Ancora più curioso il fatto che in seguito, dopo il diluvio e nel corso dell’eternità, Utnapishtim assumerà caratteristiche acherontiche, guidando una barca che viaggia per le acque della morte.

Accompagnerà Gilgamesh alla ricerca dell’amato compagno di battaglia e defunto Enkidu nell’aldilà.

Gilgamesh sperimenterà la paura della morte, avendo per la prima volta in vita sua vissuto un lutto.

Gilgamesh è anche l’impotenza dell’uomo dinanzi alla morte e tutte le paure collegate ad essa che andranno a determinare tabù e credenze religiose e popolari nel corso dei millenni.

Ishtar/Inanna in questo poema viene descritta come la Dea dell’amore e della guerra. Ma non solo.

É interessante notare come certe sue peculiarità facciano pensare, per certi versi, a Lilith.

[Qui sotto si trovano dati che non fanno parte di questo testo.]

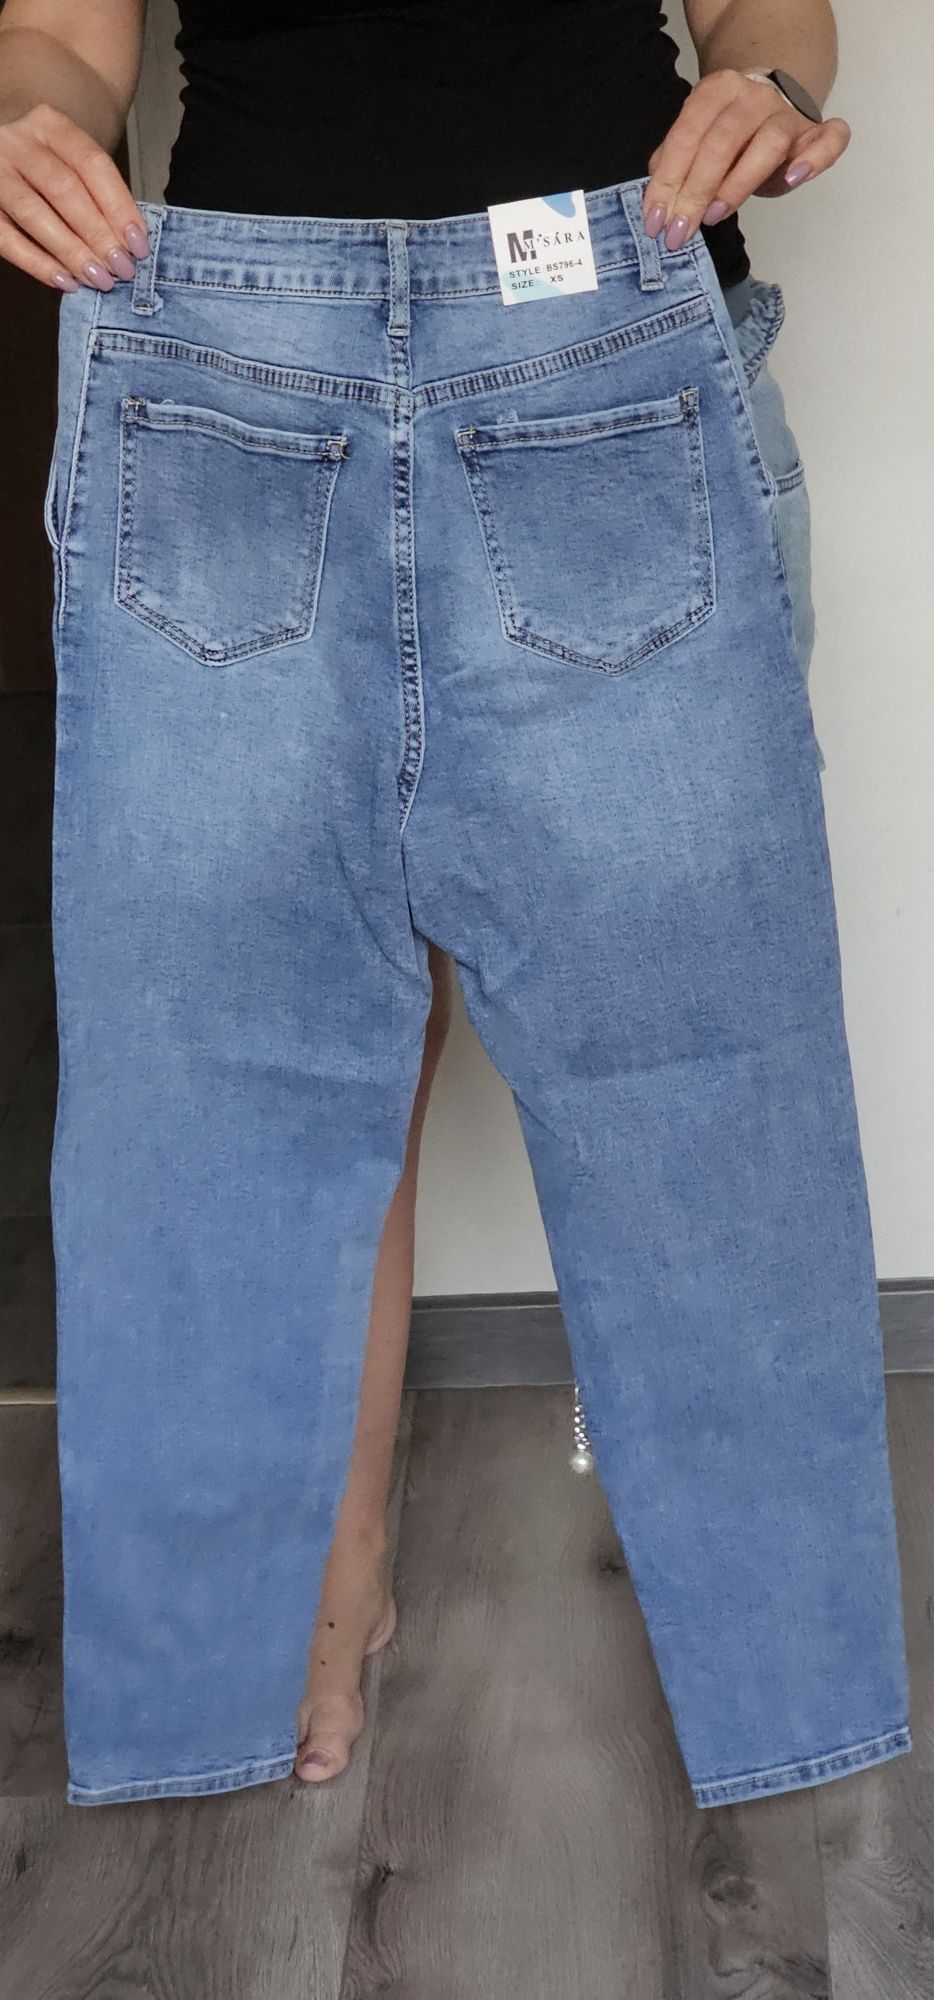 Spodnie jeansowe msara xs/s

“Ishtar chiamò a se la sua gente, ragazze che cantavano e danzavano, le prostitute del tempio e le cortigiane”.

Si innamora di Gilgamesh al quale dice : “Divieni il mio sposo, dammi il tuo seme ed io diverrò tua sposa”.

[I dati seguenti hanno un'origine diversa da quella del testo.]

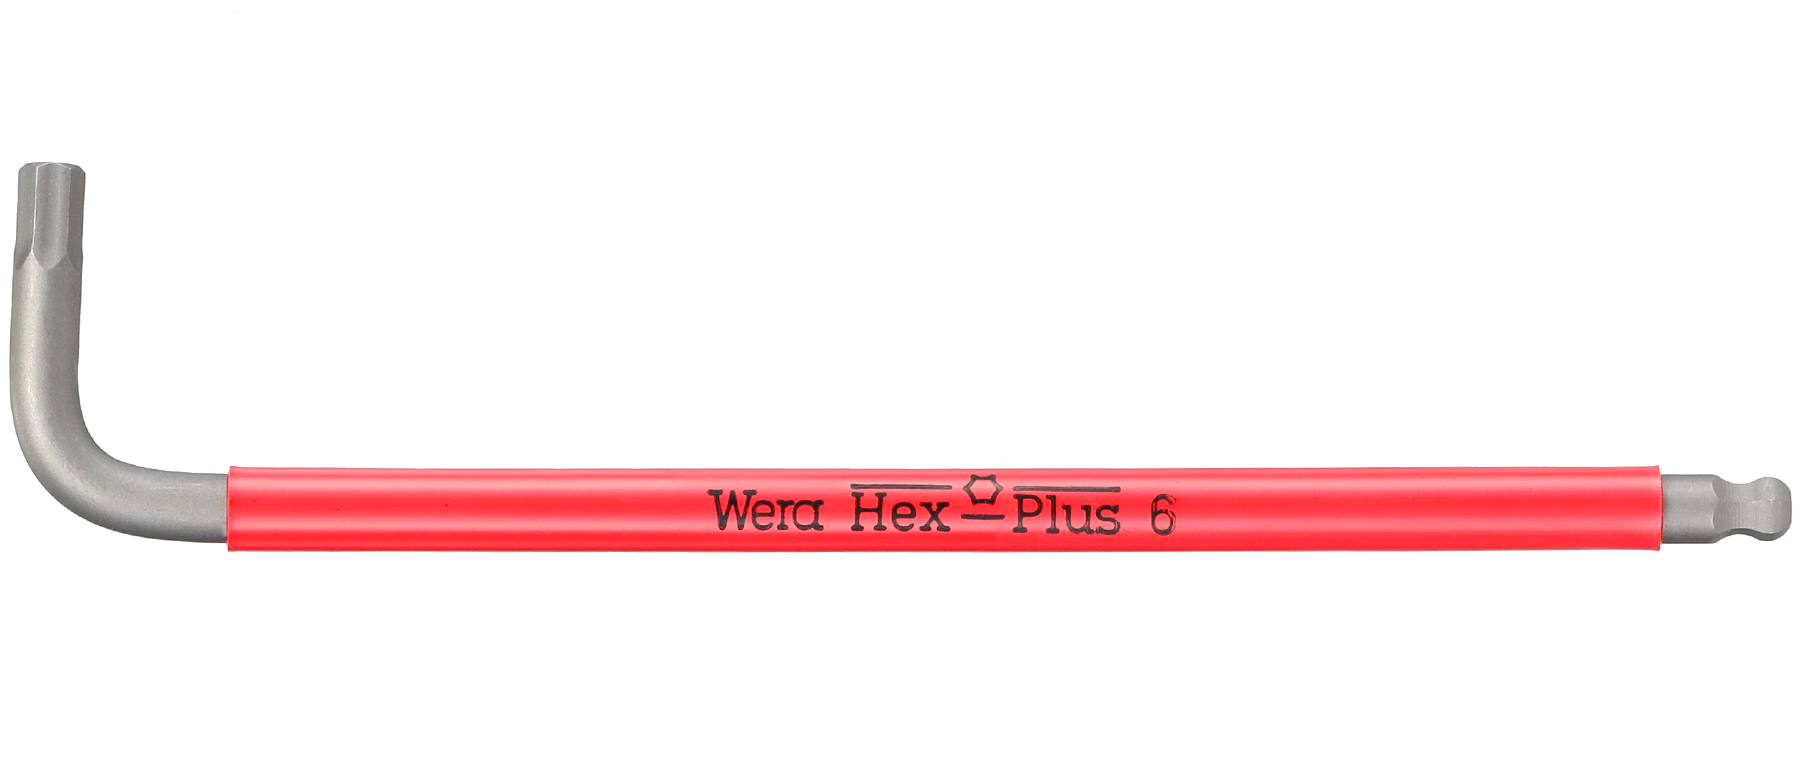 Wera 950/9 Hex-Plus SB L-Key Hex Wrench Set - Metric

Ma Gilgamesh non cede alle sue lusinghe rinfacciandole il modo in cui ha trattato e distrutto i suoi ex amanti.

Ishtar è sensuale, vendicativa, spietata, divoratrice dell’amore e del sesso.

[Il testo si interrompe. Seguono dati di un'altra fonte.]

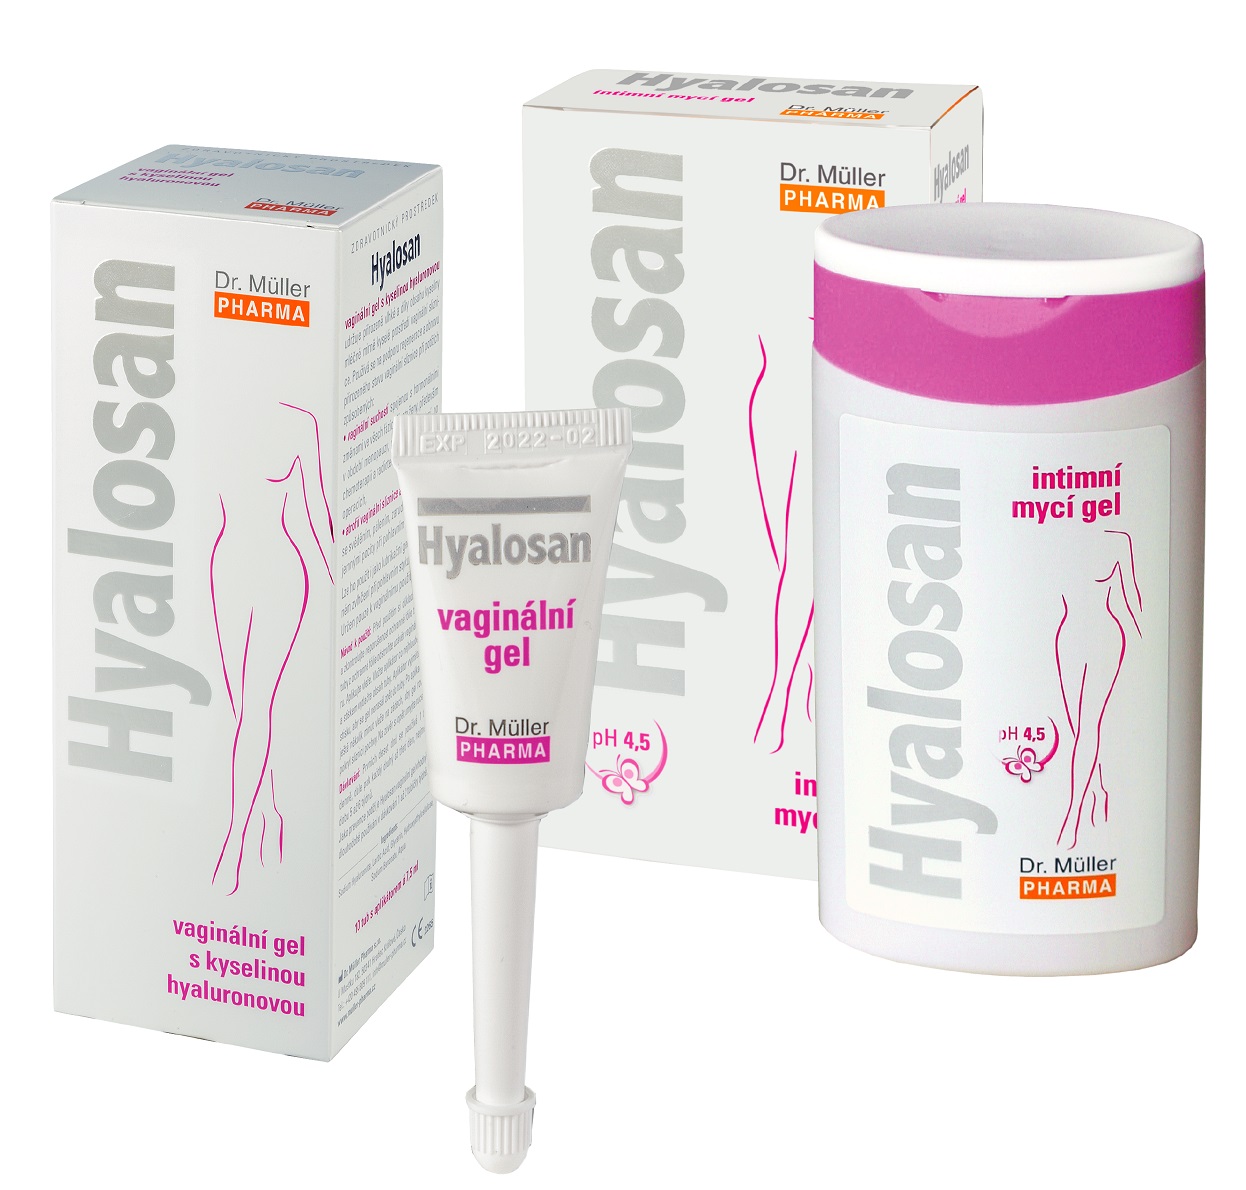 Bộ sản phẩm hỗ trợ giảm viêm phụ khoa Hyalosan | Lazada.vn

Non a caso tra i suoi appellativi risulta anche il “donatrice di semi”.

Come una mantide religiosa, divora i suoi amanti.

Si vendicherà mandando, dietro concessione del concilio divino, il Toro celeste per distruggere Gilgamesh ed Enkidu. Ma la bestia avrà la peggio.

Altra figura interessante è Ereshkigal di cui poco si parla.

Ereshkigal è la regina e dea di Irkalla, l’oltretomba, il mondo dei morti.

Spesso assume il nome dello stesso luogo, per cui in alcuni testi il suo nome risulta semplicemente Irkalla.

Irkalla, la terra del non ritorno.

Nel Gilgamesh, l’oltretomba viene descritto come “il luogo (la casa n.d.r.) in cui ci si siede nell’oscurità, cibandosi di polvere e fango” 

L’anima del defunto, priva di giungervi, dovrà attraversare 7 cancelli. Il bagliore della luce va via via affievolendosi fin quando si sprofonda nell’oscurità più fitta e dolorosa.

Secondo le credenze e tradizioni mesopotamiche Ereshkigal è l’unica divinità a regnare nel suo mondo.

A lei fu dedicato un tempio a Kutha, in Iraq.

In un altro antico testo mesopotamico, “La discesa di Inanna”, Ereshkigal è descritta come la sorella anziana di Inanna/Ishtar.

Anche nel caso di Ereshkigal possiamo trovare analogie con un’altra divinità, la greca Hecate.

Cambiano i nomi e gli appellativi da cultura a cultura, da zone geografiche opposte e lontane tra loro, ma ciò che conta è la funzione (e l’archetipo) che rappresentano.